Since bottoming on April 12th, the SPDR Homebuilders ETF (XHB) is up 12.5%; twice as much as the S&P 500’s gain of 6%. If you are surprised by that statement you are not alone. I still find it hard to believe even after staring at the chart.
I have written several articles on the subprime fiasco (Subprime Lenders Gone Too Far – A Time Bomb Waiting to Explode and The Real Estate Market: Why “Bottom” is a Dirty Word) including one discussing an ideal short setup provided courtesy of New Century (Nailed Subprime Trade w/Help From Napoleon Hill & Donald Trump). As the shorts stopped working around mid-April, I moved on. Needless to say that has proved to be the right move.
On Monday, it was brought to my attention that the XHB had recently made a higher low and it looked like a technical buy.
How could this be? Had I missed some news? I quickly reviewed some of the latest news from the last few weeks.
- May 18, (AP) — Federal Reserve Chairman Ben Bernanke has repeatedly said this year’s mortgage fallout is likely to remain “contained,” but there is plentiful evidence the credit problems plaguing home lenders have hurt companies across a much broader range of the economy
- May 17, (AP) — The nearly two-year housing slump has taken its toll on a number of related industries, including major home improvement retailers whose demand relies on fixer-up or remodeling projects undertaken when homes change hands.
- May 15, (Market Watch) — Home Depot Inc., still smarting from the faltering U.S. housing market and a host of operational issues, on Tuesday posted a 30% drop in quarterly profit and warned that earnings for the year will fall to the low end of projections.
Even the good news is good in a strange kind of way.
- May 15, (The Street dot Com) — The Commerce Department said Wednesday that new housing permits tumbled 9% from March to April. The decline signals that homebuilders are slowing down construction to clear the excess inventory in the market.
On Monday, the tape was saying buy the homebuilders – putting my macro views and the tape in opposition.
“The desire for constant action irrespective of underlying conditions is responsible for many losses in Wall Street even among the professionals, who feel that they must take home some money every day, as though they were working for regular wages.” Jesse Livermore
Sometimes it is better just to stand aside. So, I passed on the trade.
Out of curiosity, I decided to dig a little deeper to see if I could figure out what kick started the rally. Champion Enterprises (CHB), Centex Corp (CTX), Mohawk Industries (MHK), Beazer Homes (BZH) and WCI Communities (WCI) led the XHB during the week of April 13th.

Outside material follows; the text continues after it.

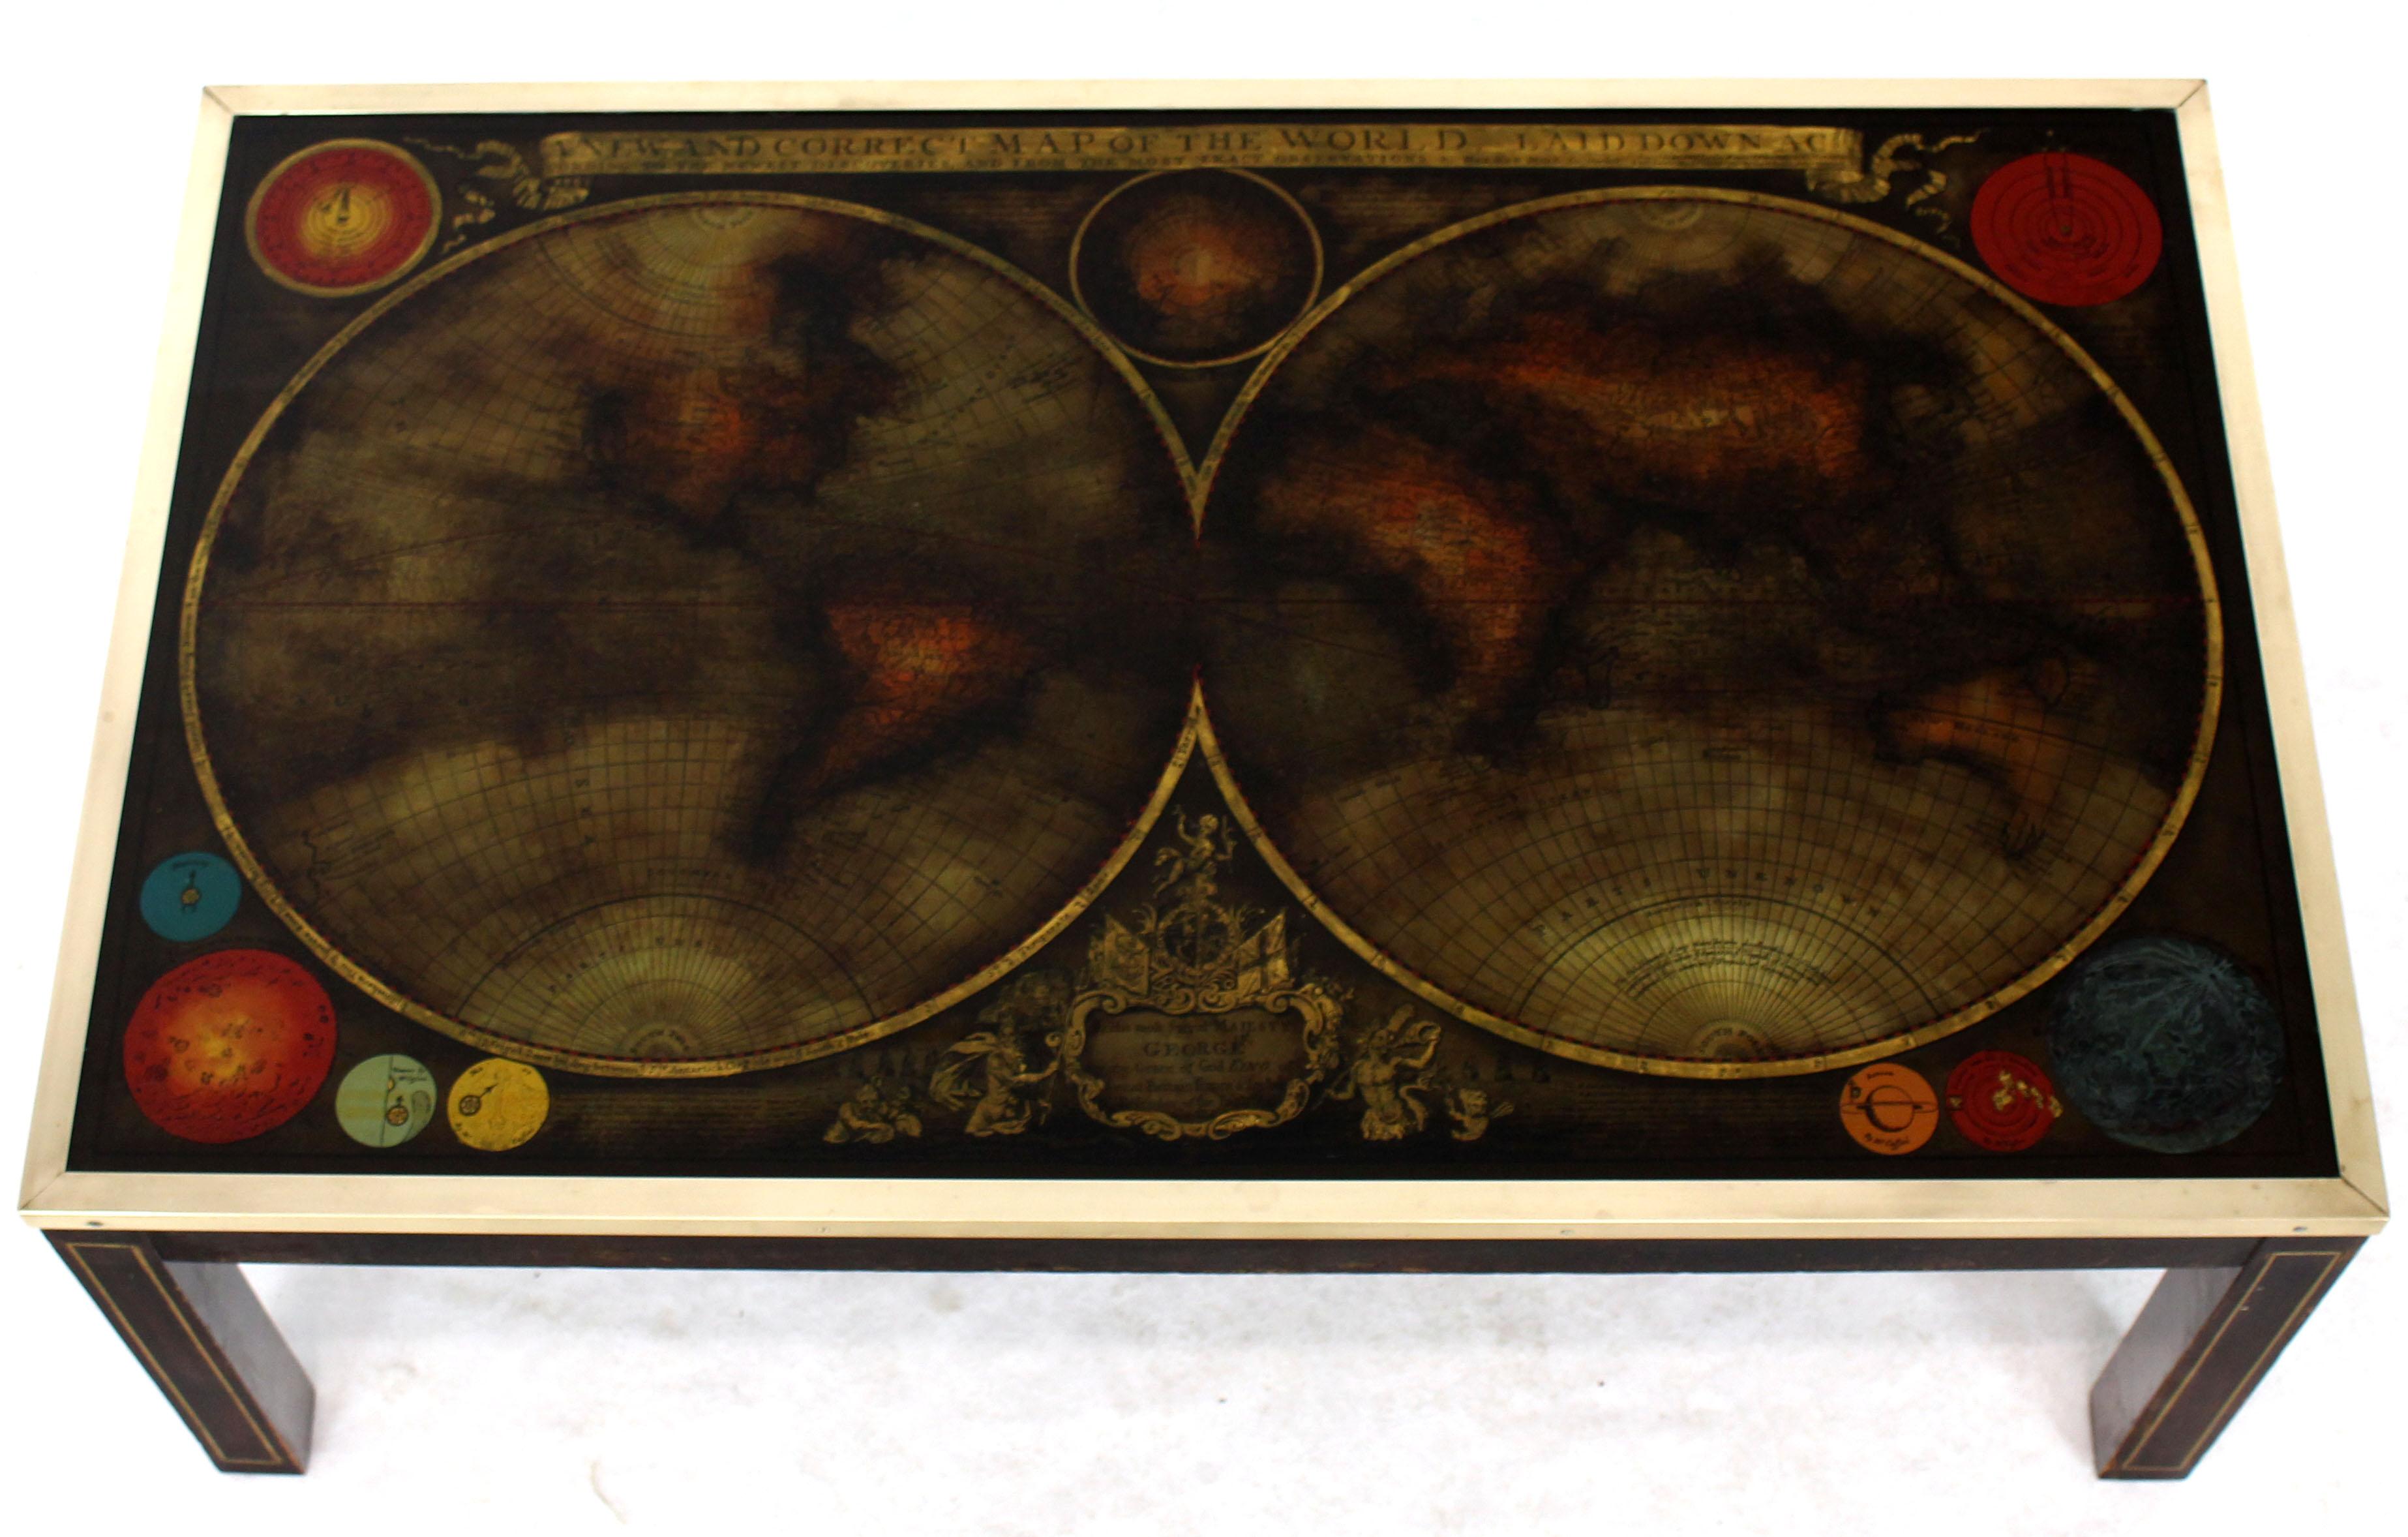 Mid-Century Modern reverse gemalt alten Atlas Karte Glasplatte Couchtisch. Beine mit Messingintarsien. Die Glasplatte ist mit einem Messingrahmen gesichert. Die Beine sind mit Flügelmuttern gesichert.

The news surrounding these stocks was mixed at best.
- April 19, (AP) — Mohawk Industries Inc., a flooring supplier, on Thursday said the residential business remains “challenging” in all product categories, but it still expects its second quarter to produce stronger results than its first quarter.
- April 18, (AP) — Shares of Champion Enterprises Inc., which manufactures homes and military barracks, rallied Wednesday after several analysts maintained bullish ratings on the stock, despite the company’s lower-than-expected first-quarter report.
- April 11, (CNNMoney.com) — The National Association of Realtors said Wednesday it expects its measure of home prices to fall this year for the first time since the group began keeping track nearly 40 years ago. In its latest monthly forecast, the real estate group said it expects a 0.7 percent decline in the median price of an existing home sold in 2007. A month ago it had been projecting a 1.2 percent increase.
I had no regrets as I watched XHB climb 3% on Tuesday. My present views on housing wouldn’t have allowed a large commitment to this trade anyway. I feel better when I think of it from that perspective. 🙂
The bottom-line is that market could care less about my thinking or views – the homebuilders are in rally mode.